Шрифт:
Интервал:
Закладка:
Добавим к сухой статистике несколько живописных штрихов.
В Риге с 1990-х гг. то и дело проходили манифестации против нищеты, низких зарплат, высокой квартплаты, насильственного выселения людей из их квартир, реприватизации частной собственности (то есть возвращения собственности бывшим хозяевам, владевшим ею до 1940 года, или их потомкам, в числе которых и семья нынешнего президента Латвии Вайры Вике-Фрейберга). Власти отвечают обвинениями в адрес своих «граждан» и «неграждан». Так, премьер-министр Латвии Айгар Калвитис в ответ на очередную такую демонстрацию назвал это «нецивилизованными методами борьбы»[1466].
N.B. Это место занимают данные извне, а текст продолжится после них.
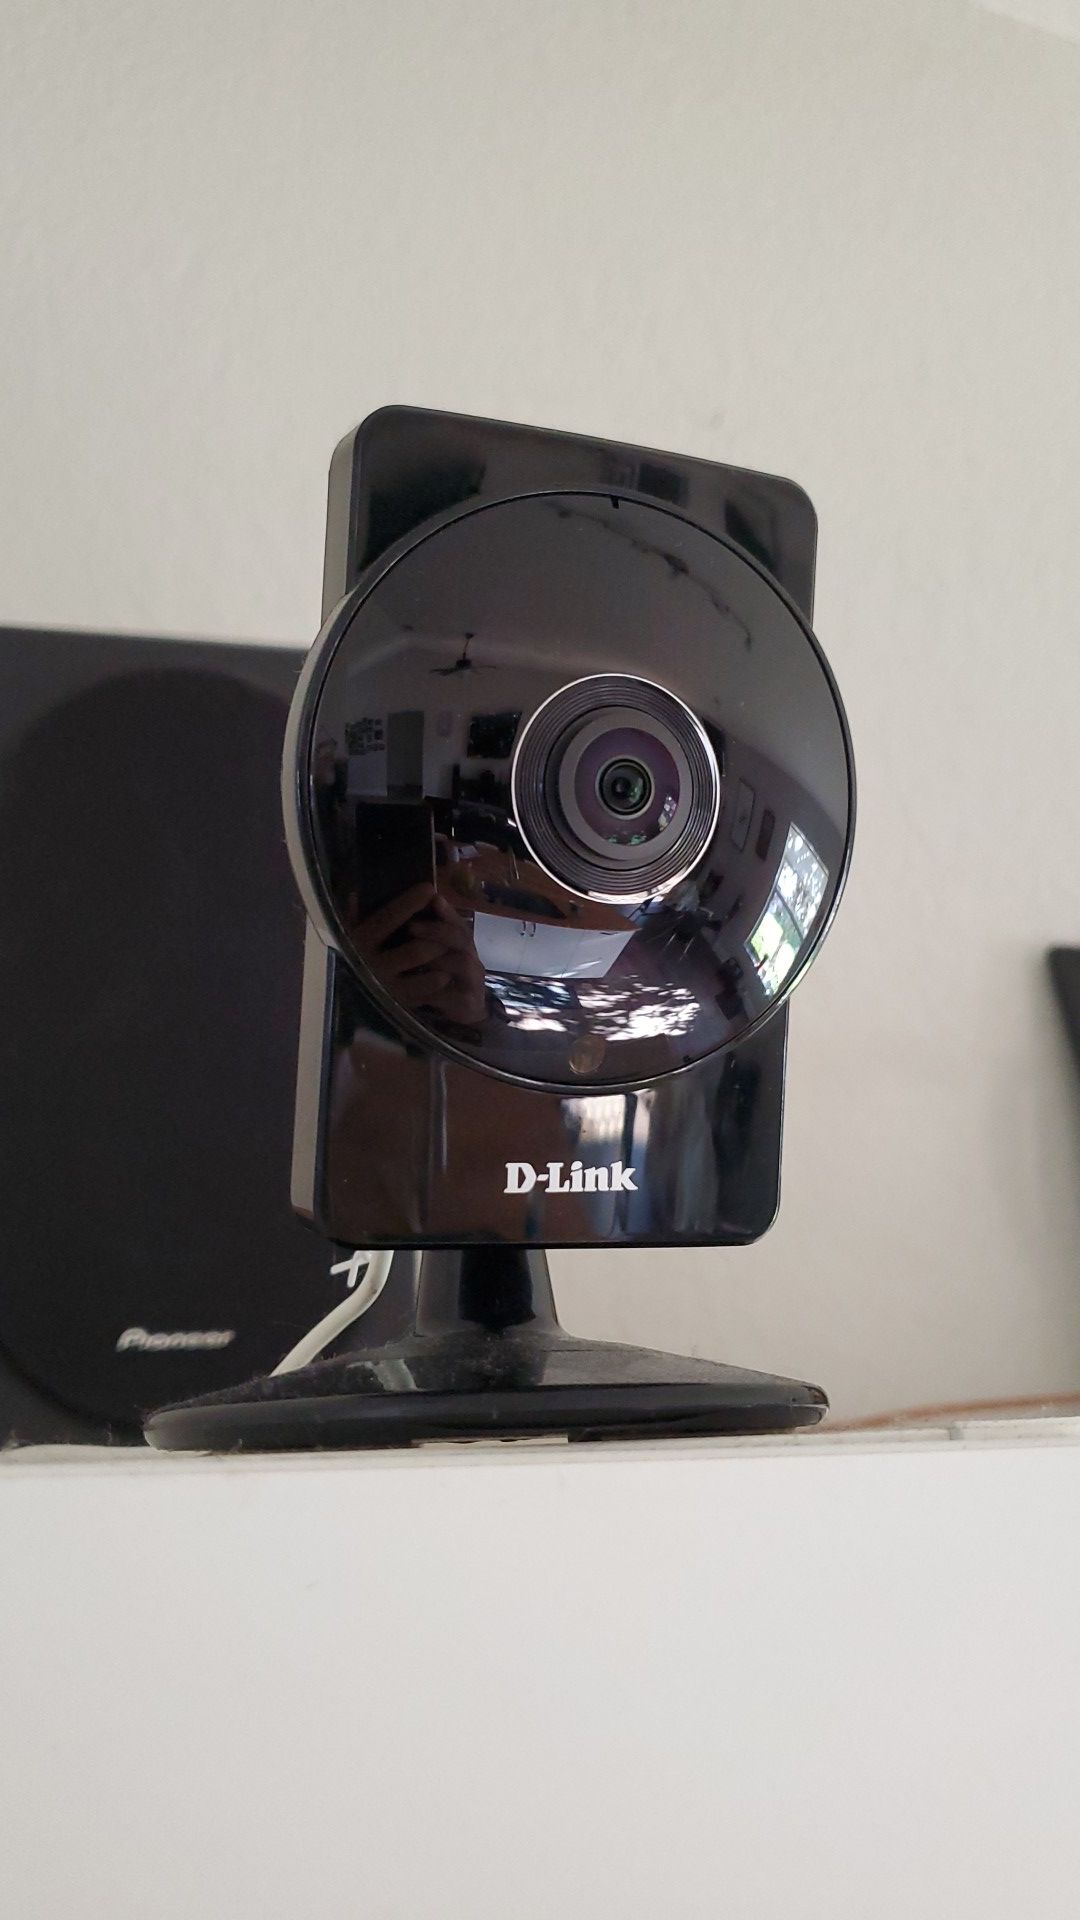 D-Link camera security alarm

Так, 16 августа 2005 года митинговали латвийские полицейские. Они жаловались на задержки зарплаты (долг правительства перед служащими полиции составлял на этот момент 3 млн долларов), а также отсутствие социальных гарантий, плохие условия работы, устаревшую технику. Из-за этого около 800 человек уже покинули службу[1467]. 2 октября того же года в Риге прошла еще более массовая демонстрация против нищеты. Ее участники требовали повышения зарплаты госслужащих — от учителей и врачей до чиновников МВД, которые получают менее 140 евро в месяц, тогда как официальный прожиточный минимум составляет 150 евро в месяц[1468]. Даже несмотря на вступление в Евросоюз, зарплата большинства людей в Латвии остается ниже прожиточного минимума — ее не хватает даже на то, чтобы оплатить квартплату или учебу в вузе[1469]. Да и откуда взяться высокому уровню жизни, если часть предприятий, построенных в Латвии в советские годы, закрыта, разорена и скуплена по дешевке европейскими компаниями, а другая приносит прибыль в основном своим хозяевам? Например, заводы «RAF», производившие микроавтобусы для всего Советского Союза, в 1990-е гг. были закрыты как «наносящие вред экологии»[1470].
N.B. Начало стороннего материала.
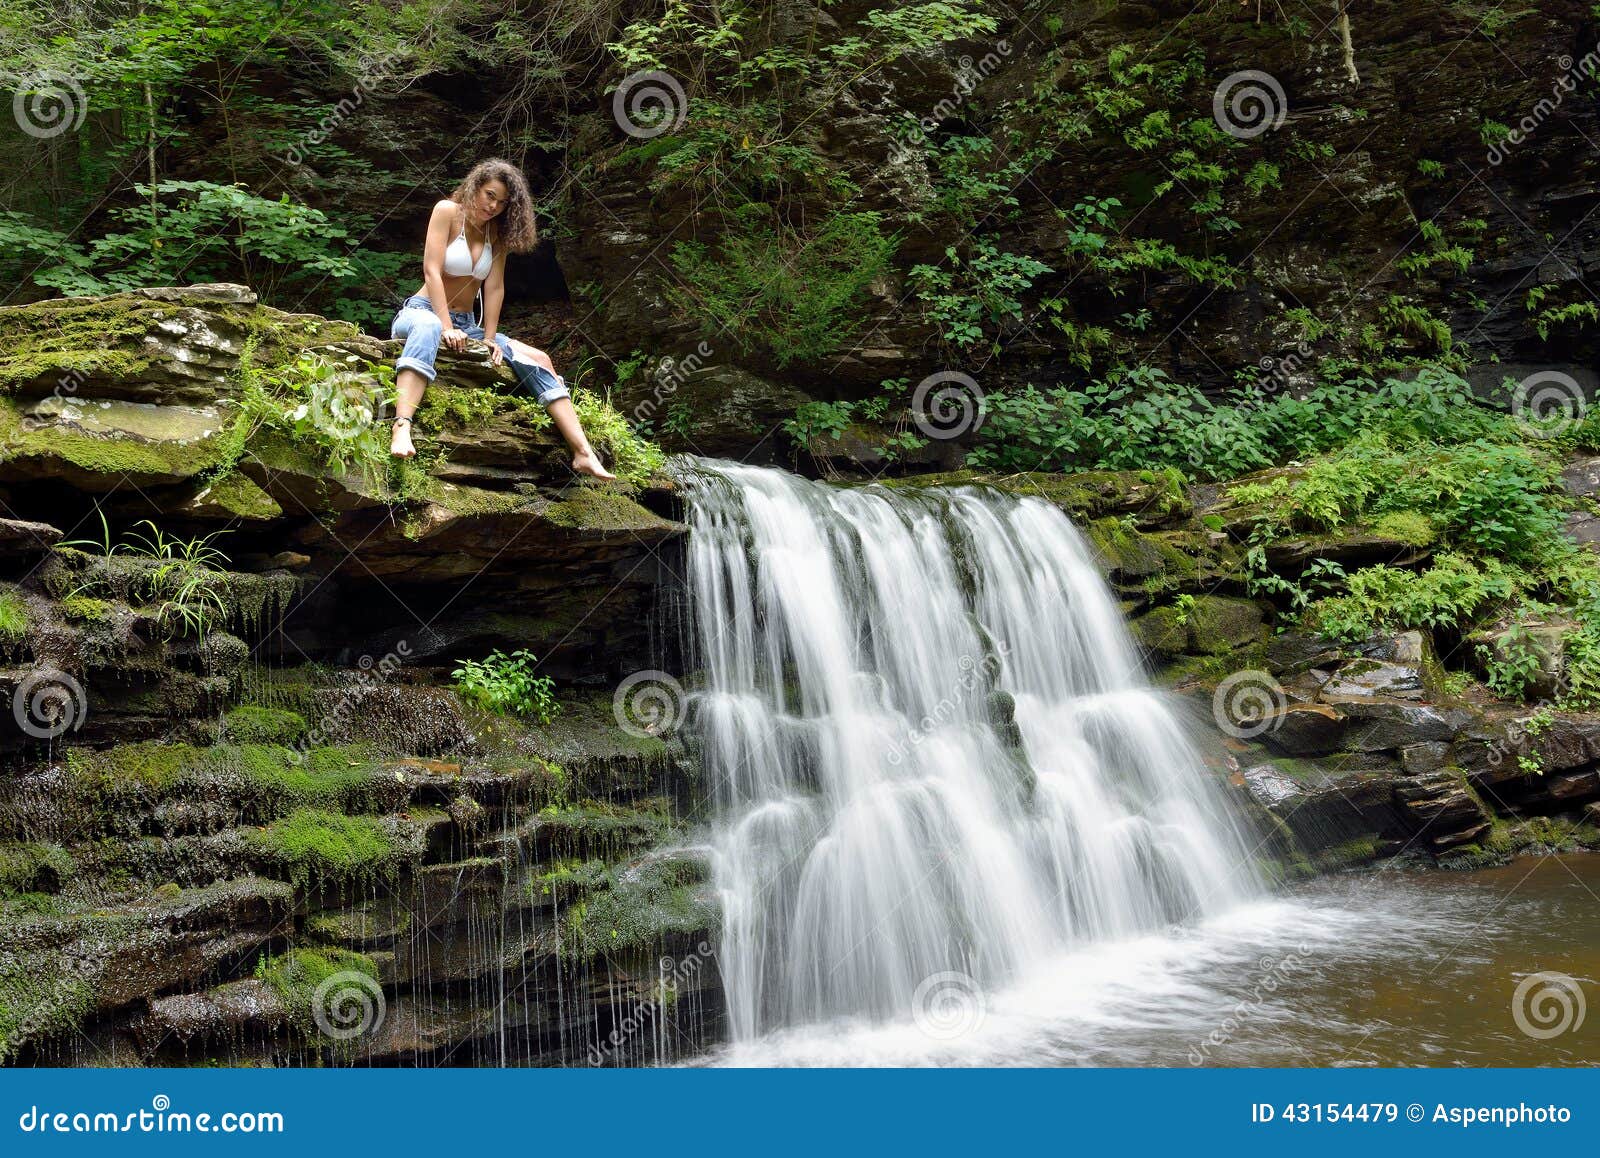 Beautiful Woman Outdoors - Next To Waterfall Stock Image

Пыталовский район Псковской области — тот самый, на который претендуют латышские националисты, — стал для латышей, по выражению обозревателя российского телеканала НТВ, «местным шопингом». Здесь стоят очереди машин с евросоюзовскими номерами. Их хозяева скупают на Псковщине продукты, сигареты и прочую продукцию, которая стоит здесь значительно дешевле, чем в «цивилизованной» и «европеизированной» Латвии. Разумеется, с целью перепродажи своим соотечественникам, которые уже плачут от евросоюзовских цен…[1471]
Не лучше дела обстоят и в независимой Эстонии. На эстонско-российской границе выстраиваются очереди автомашин. За бензином… В России литр бензина летом 2005 года стоил 15 рублей 90 копеек, а в Эстонии — на 10 рублей дороже (в пересчете с евро на в рубли). Поэтому многие автомобилисты и просто спекулянты закупают в России по 100 литров бензина, чтобы потом перепродать его в родной Эстонии[1472]. И это опять же в тех самых районах, которые эстонские националисты считают «своей территорией»…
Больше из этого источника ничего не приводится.